Source: Functional Path Training: Coach John Wooden – A Twitter Coach
John Wooden died June 4, 2010 at age 99. Twitter was founded in 2006. He retired in 1975 thirty-one years before Twitter yet he was a twitter coach. Why? How? We know that Coach Wooden is acknowledged as one of the greatest coaches of all time in any sport. Fortunately during his last season coaching in 1974-75 two psychologists Roland Tharp & Ronald Gallimore studied his methods and reported on his coaching style. (Tharp, R. G. and Gallimore, R. (1976). Basketballs John Wooden: What a coach can teach a teacher. Psychology Today, 9 (8), 74-78. (Tharp & Gallimore, 1976)) In their observations of 2,326 discrete acts of teaching during thirty hours of practice they observed the following:
6.9% were compliments
6.6% were expressions of discipline
75% was PURE INFORMATION
They were short, punctuated, numerous and seldom longer that twenty seconds! There were no lectures or long drawn out harangues. There was minimal use of praise and reproofs. What does this have to with Twitter, not much directly until you think about what Twitter is intended to do – Get you message across in 140 Characters. That is what John Wooden did and he was doing it years before Twitter was invented. He was a Twitter coach before there was Twitter. There is a powerful lesson here for all of us to be Twitter coaches, know your message and convey that message in 20 seconds or less (140 Characters). If it is longer than that forget it, because the athlete is not going to get it. Be a Twitter coach and improve your effectiveness as a teacher.
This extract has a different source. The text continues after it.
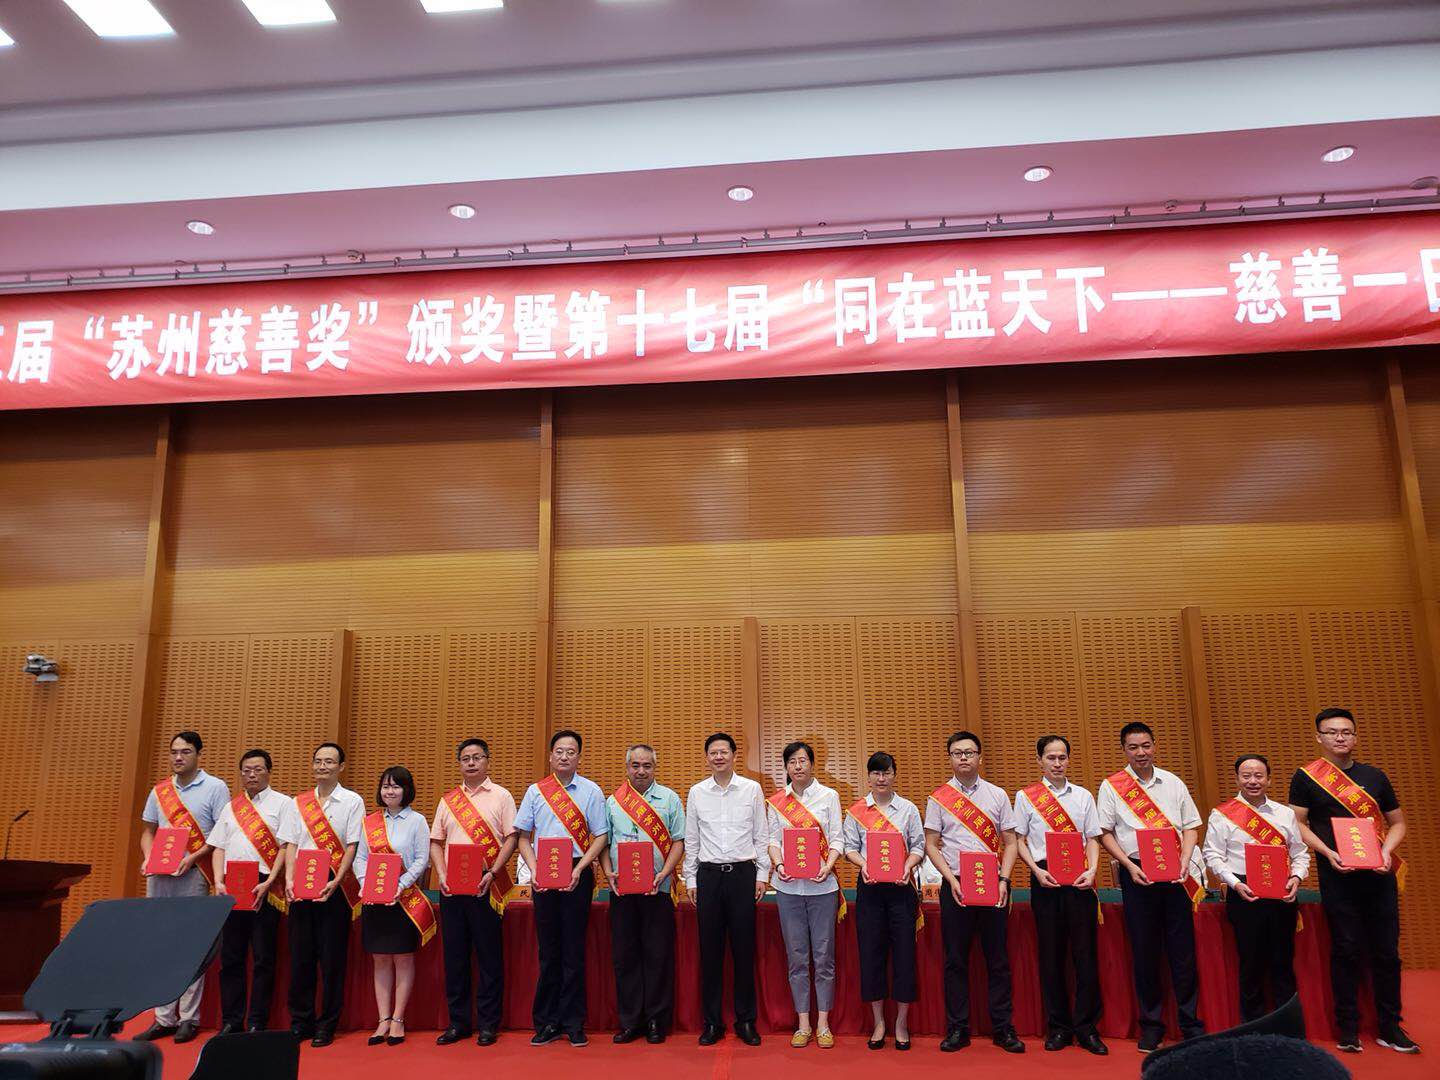 Mo Lindi, presidente de Yongding, ganó el "Premio de Caridad de Jiangsu a la persona con mayor donación de caridad"

If you want to learn more Wooden’s teaching methods I suggest you read Yo Haven’t Taught Until They Have Learnedby Swen Nater & Gallimore and a 2004 follow-up to Gallimore & Tharp’s original study in the Sport Psychologist journal (Gallimore & Tharp, 2004). For additional insights into his growth as a coach I suggest you read: Wooden: A Coaches Life by Seth Davis. His success did not happen by chance. It was an unbeatable combination of impeccable preparation and sound teaching.